I would personally suggest using dedicated occlusion skins, or virtual occluders. In the end, it all depends on the kind of geometry you want to display, but generally occluder skins aren''t too hard to create, and are well worth it. For the same performance used to render a single node using the full mesh, you could render 20+ nodes when using occlusion skins.

Now, about the selection, that''s anything from extremely easy to extremely complex. Actually, you can make it as complex as you want, but the basic system is very easy. It''s upon you, if you are satisfied with the basic results, or if you prefer to investigate into something more complex. Basically, you can start by using the minimum camera-node distance. Take your node''s bounding box, create a plane that is parallel to the camera plane, position it at the nearest possible point of the box, and compute the distance to the camera. If you do that in eye-space, it''s extremely easy: transform your 8 box points into eye-space, and take the nearest z-value. There you have your distance. Even more otimized algorithms also exist.

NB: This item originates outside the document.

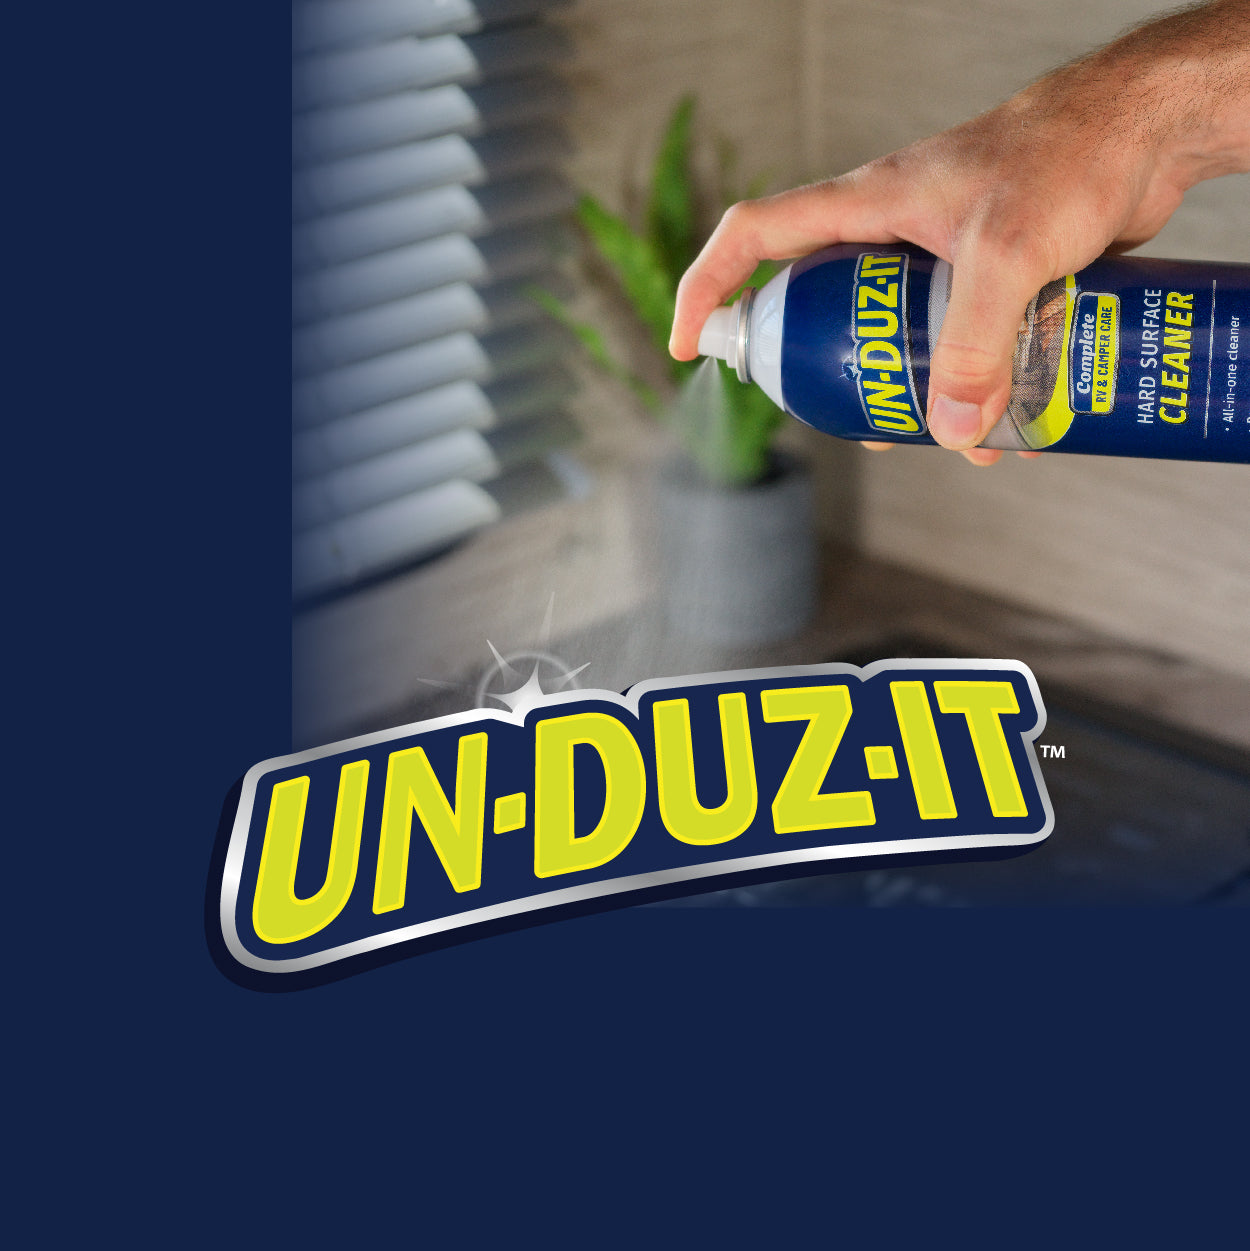 Un-Duz-It Logo & Hard Surface Cleaner in Use

Next thing is, as you guessed, the screenspace projection size. For that to work, you''ll have to (manually) project your bounding boxes to the screen. But you''ll have to do that anyway for the HOM test later on, so you will probably already have the code. Then, get the bounding rectangle of the projected box on the screen, and compute the area. There you go, your second factor.

Several more criteria exist, expecially when dealing with temporal coherency - things like: was that node occluded during the last frame ? Was it a good occluder ? Was it partially visible, and does it have the chance to be totally occluded this frame ? Etc... As I said, you can make it arbitrarily complex But your mileage will vary, a heuristic that is good for my engine might not be good for yours, and vice-versa.

I''d suggest implementing a couple of heuristics, and trying them out. Fiddle around with weighting factors, combine several of them, etc. It''s much trial and error involved, you''ll eventually find an optimal combination.